The other major time info-dump happened was much later in the book, where there are several pages quoting three published cases on the same side effect. The Guardians is so short, barely past 100 pages, so that in a way I felt cheated having to read three full pages that weren't Manguso's; more science, more quotes. She even quotes herself at one point, a page from a novel she didn't finish.

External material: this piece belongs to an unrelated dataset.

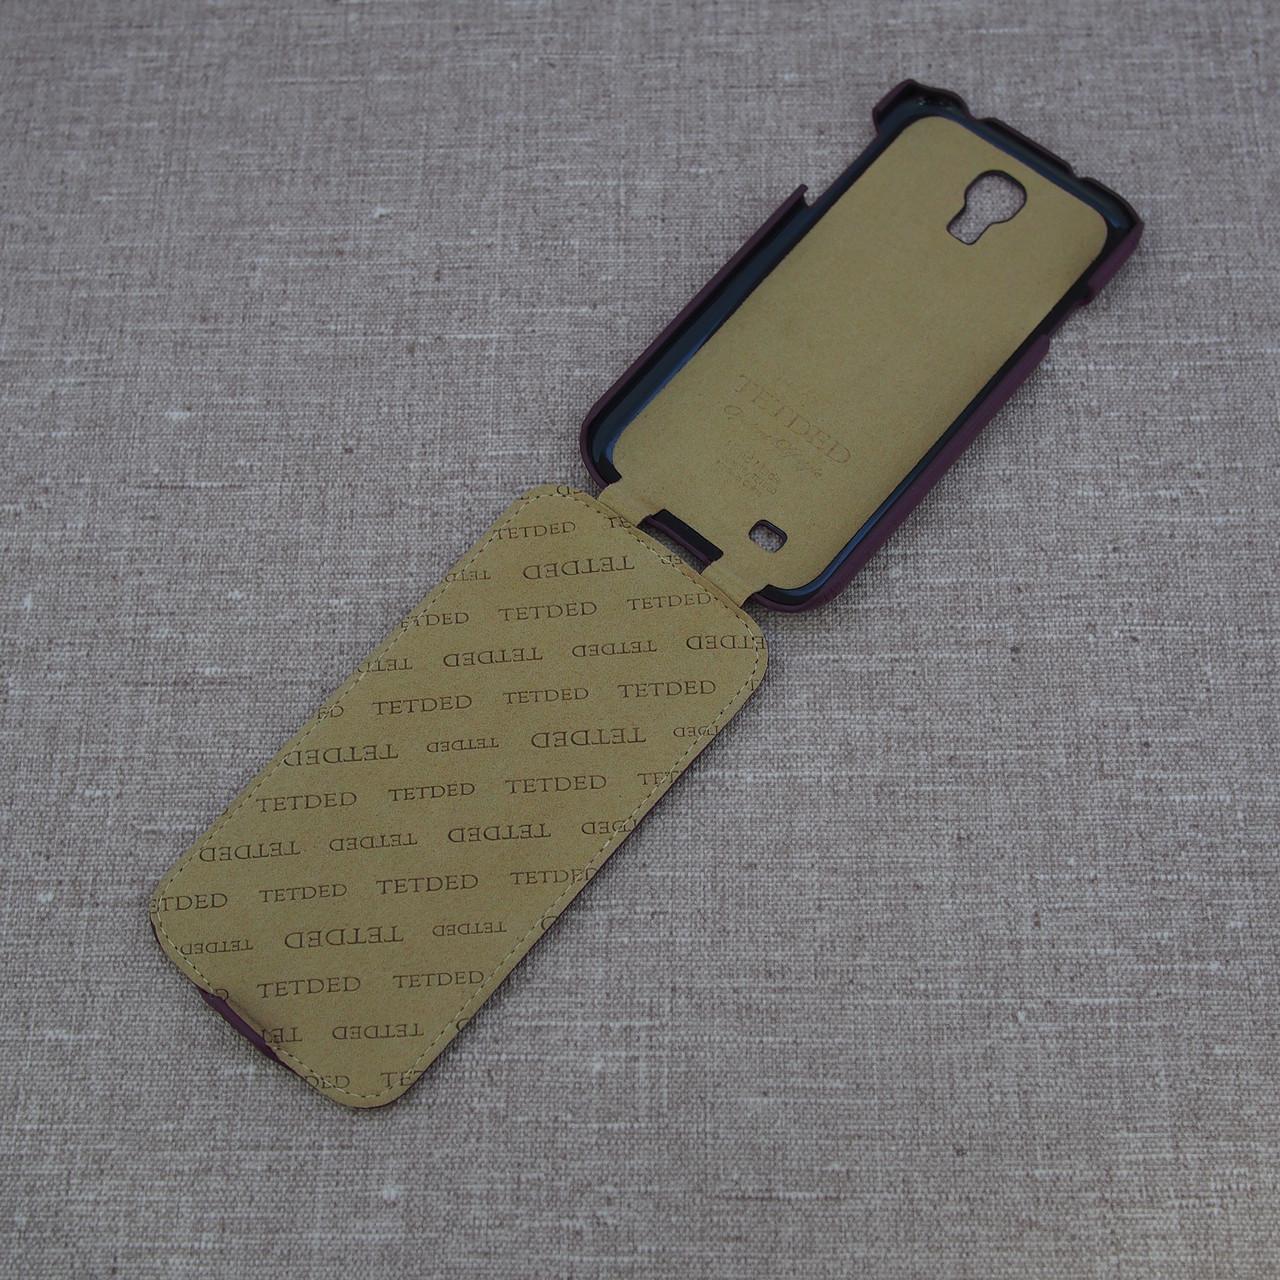 Чехол TETDED Samsung Galaxy S4 purple Для телефона

But– the reason I felt the need to detail the fault of this memoir so precisely is that the rest of The Guardians, the part in Manguso's own words, it's absolutely breath-taking and original. There are countless times when I had to pause reading to write down a quote, something beautiful and heart-breaking that twisted inside me. At one point, Manguso writes:
"Then, when he dies, you’ll wonder how his death could have burned you entirely away– yet there you are, walking out of the fire in a form you no longer recognize."Her powerful description of grief reminded me sometimes of The Long Goodbye by Meghan O'Rourke, another memoir and one I absolutely adored. Both O'Rourke and Manguso have this powerful, sharp and broken way of describing grief, of reminding the reader of the pain. The other author that comes to mind, because of the topic but also the fragmented way of writing, different memories combining into one tragic story– is Joan Didion, who dealt with grief in two memoirs, The Year of Magical Thinking and Blue Nights. It especially reminds me of Blue Nights because it is both the story of the person who died, in this case her friend Harris, and a story of a personal journey– as Manguso marries her husband.
Ultimately, Manguso's poetic prose is what make The Guardians such a wonderful yet heart-breaking book– she has a genuine and beautiful way of capturing moments and feelings, which is why I am disappointed every time she veers off into the scientific instead.